Josh’s long absence from Headwaters didn’t surprise me, because I’d heard similar stories from a number of other activists. Their civilly disobedient occupation of the forest stanched the logging while political support grew to protect the land, but few had been back since the acquisition. I began to understand that the luster of Headwaters might have faded now that it was public land. As we picked our way through the chest-high ferns and tried to discern the rapidly vanishing trail amid the lush understory, Josh told me how different it seemed compared to the era when hiking in Headwaters meant trespassing and risking arrest. It’s odd, he said, to be able to park at the end of the paved road and start hiking in broad daylight.
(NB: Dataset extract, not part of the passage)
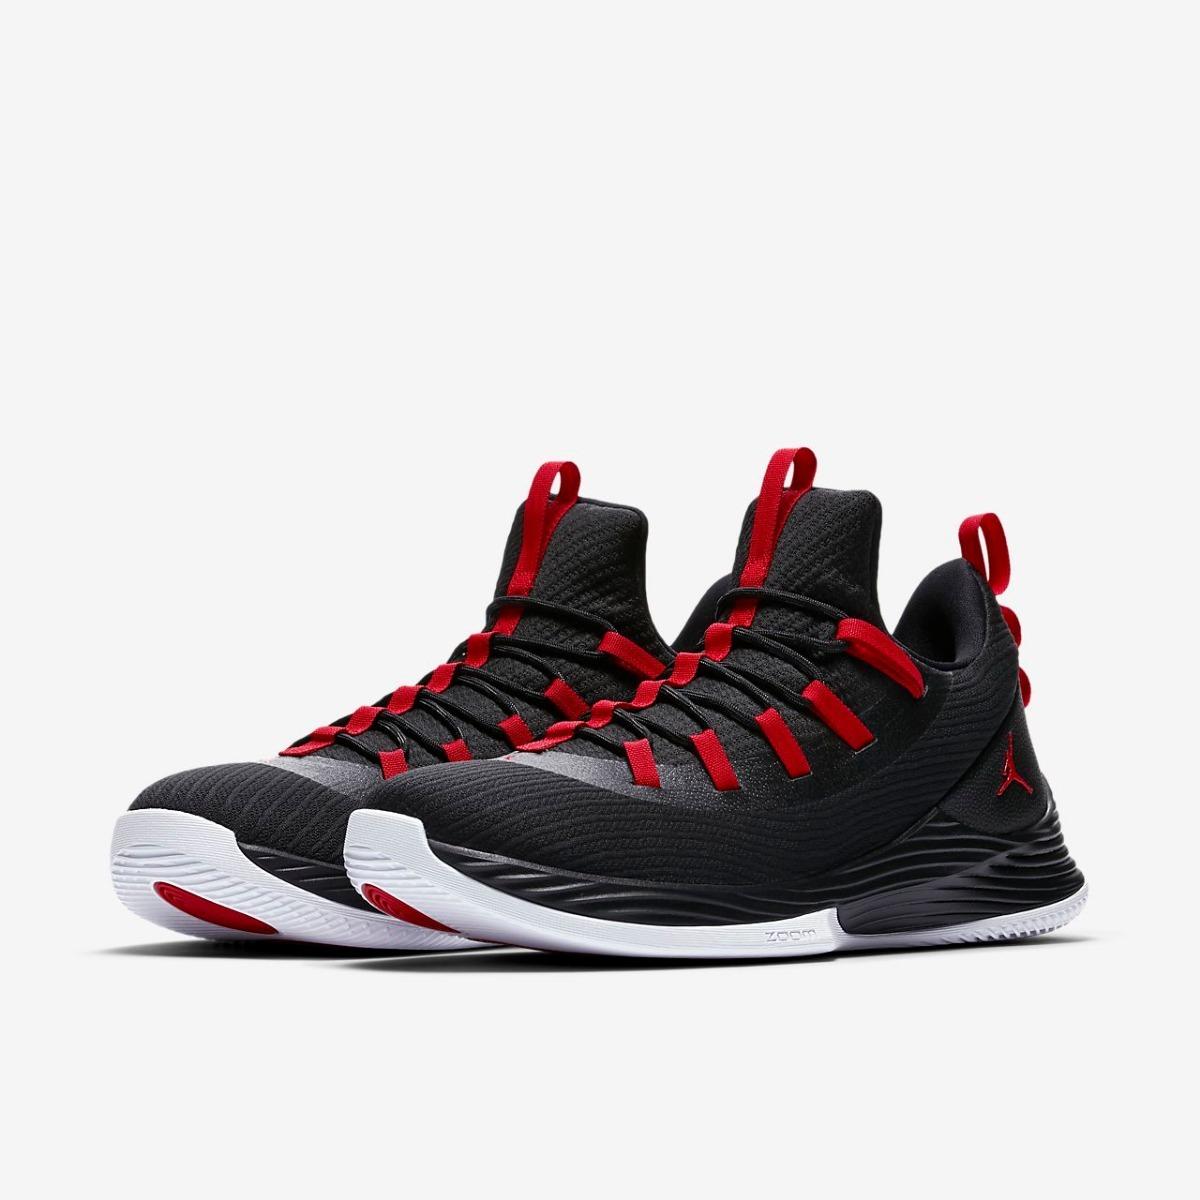 5f9c3c8adc3 tenis jordan negros rojo basquetbol originales ultra fly 2 l. Cargando zoom.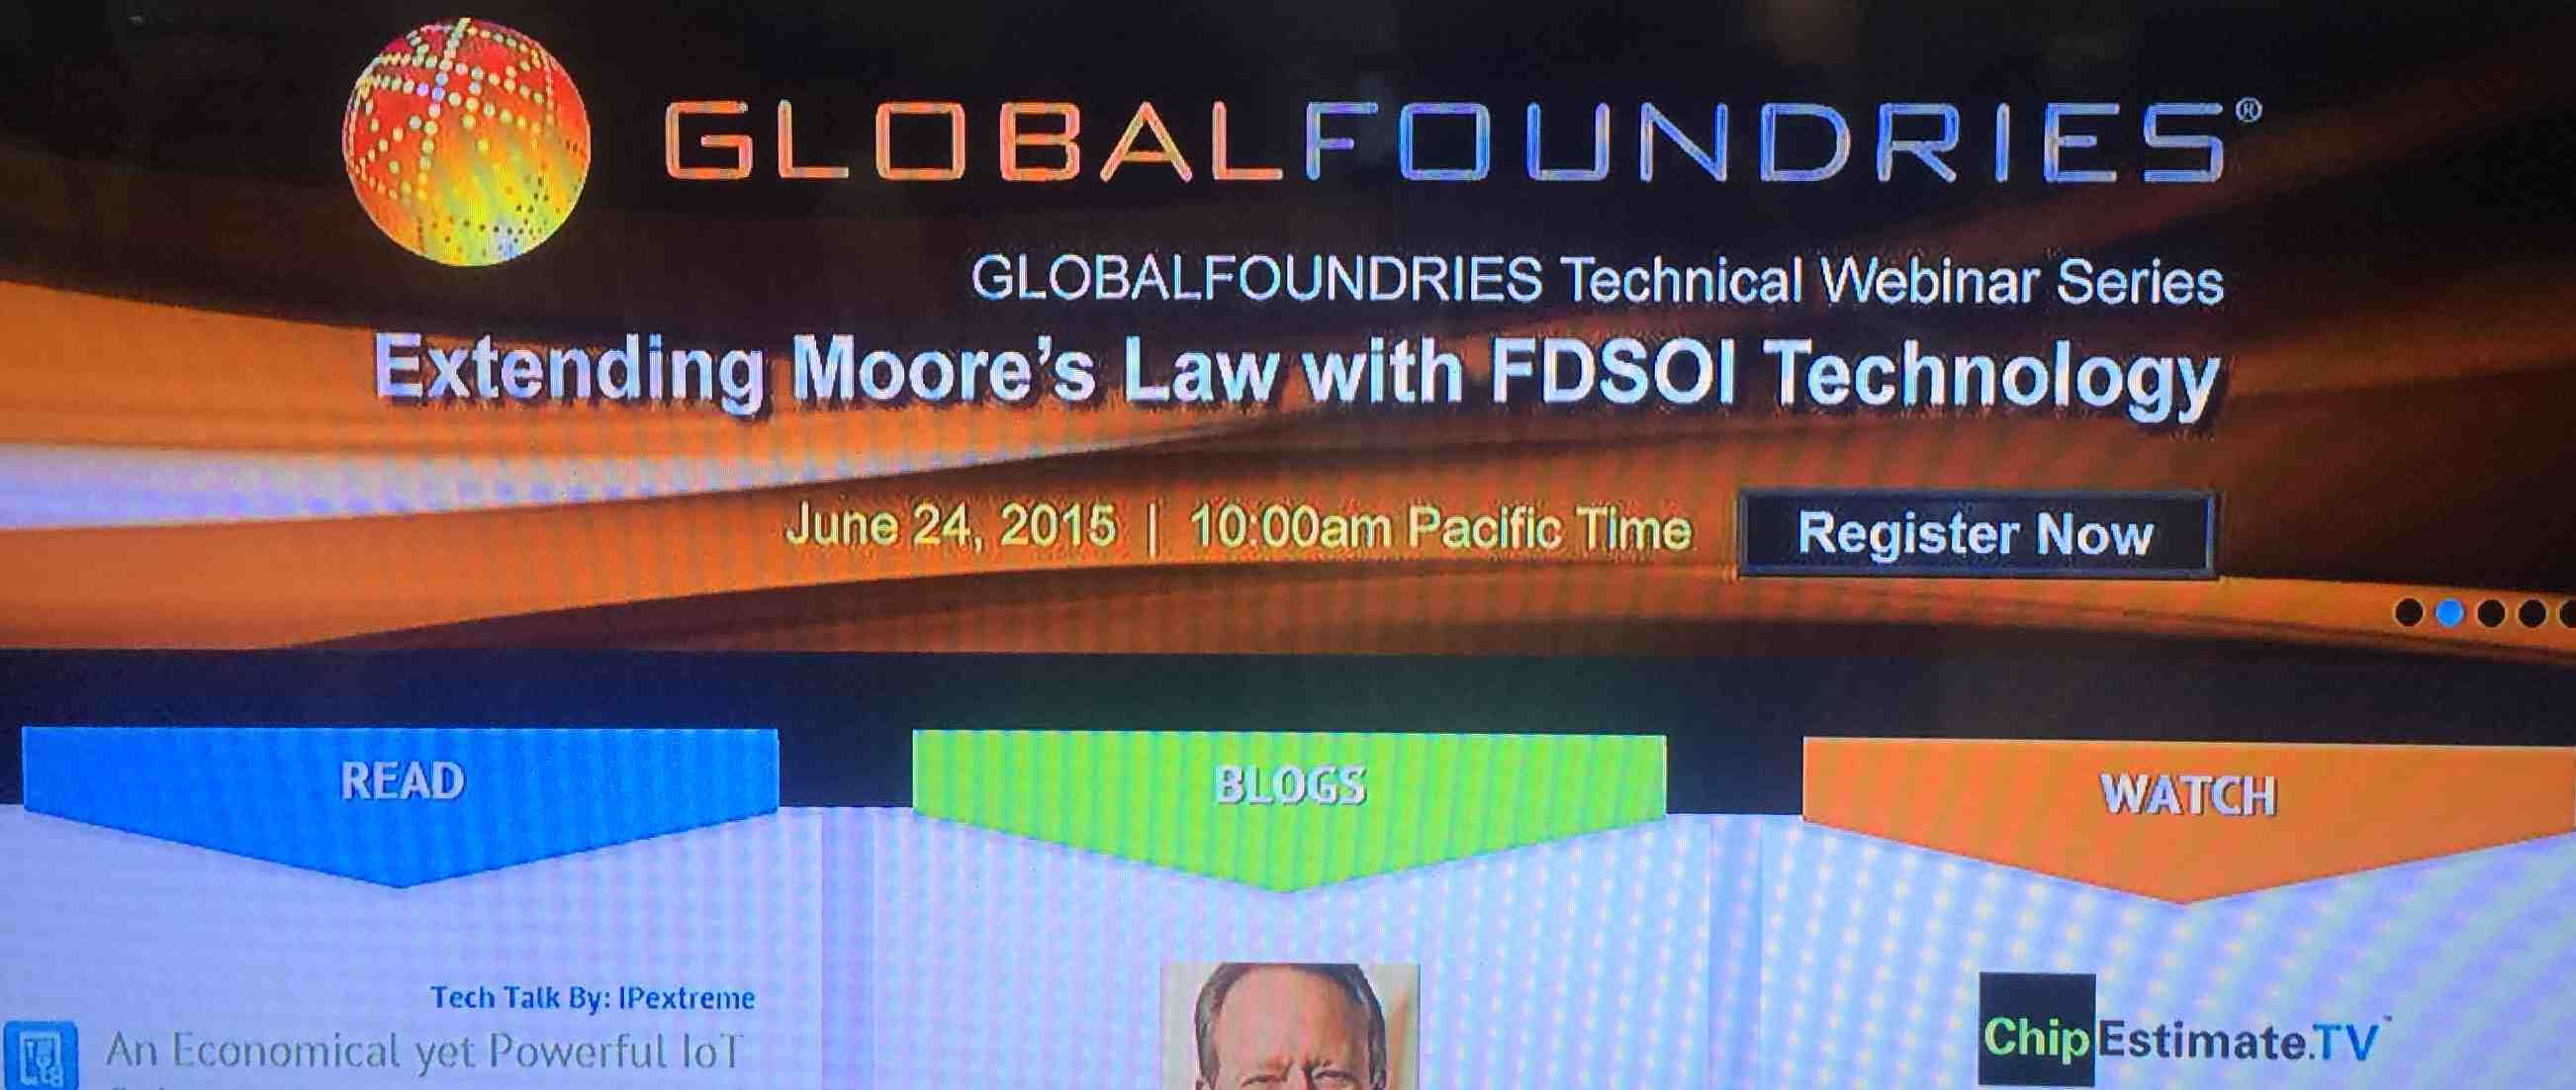 GlobalFoundries FD-SOI Webinar 24 June 2015, 10am PST: Be

When the property was still owned by Pacific Lumber and he was trying to deter the company from logging it, he would get dropped off in the dark of night. “If we weren’t totally quiet, like if we rattled the gate, the dogs would go off, and the neighbors would come down and tell us they’d called the sheriff,” he recalled.
His sentiments echoed those I’d heard from another activist, musician Francine Allen, who had helped to scout Headwaters Forest for protest encampments. “It’s weird to walk along talking so loud. We used to keep practically silent,” she remembered. “Now it’s too easy, too simple to get here.”
Hearing their stories reminded me of times I had scouted similar forests myself. Crossing a meadow, I would hug the edge of the treeline, as a rabbit might do for fear of hawks. I perceived myself as prey. In timber company territory, we weren’t quite at the top of the food chain any more. We had to shrink our boisterous presence. The blade of fear forced us to abandon our ordinary style and rendered us forest-broken.
Josh and I spent four hours in Headwaters Forest that day, from the time we hiked in after lunch until we emerged onto the logging road again. We made a pilgrimage to a spring he calls Agua Dulce, and to Postcard Grove — the stand of trees where the most famous publicity photo of Headwaters was taken. It is an utterly magical place, so far away from the world of automobiles and terrorist alerts. By the time we left the tall trees, we realized that we hadn’t eaten during the entire time we’d been in the ancient forest. We pulled snacks out of our knapsacks and fell to.
In the pleasure of replenishing lost calories, I realized that we had inadvertently practiced an etiquette that respects the marbled murrelet. We had visited after nesting season was over, and we kept our food scraps out of the ancient forest, avoiding the possibility that we would attract the predators that devastate murrelet nests. In effect, we observed a fast while we were in the forest, which served an ecological function to boot. If we had done it on purpose, it could have been an element in a conscious practice to shift our focus and awareness in preparation for entering the forest. It could have set our trip into the forest apart from our everyday. In the absence of timber company goons, fasting in Headwaters may be the pathway to awe, humility, and mindfulness.
To the north, in Oregon’s Coast Range, the beaver was trapped nearly to extinction in the 19th century. As a result, the streams lack for beaver ponds, which had served as important rearing pools for juvenile salmon. Excluding any one species affects the system in unpredictable ways. If we hang a Do Not Disturb sign at the forest gate, both forest and people may be the poorer for it.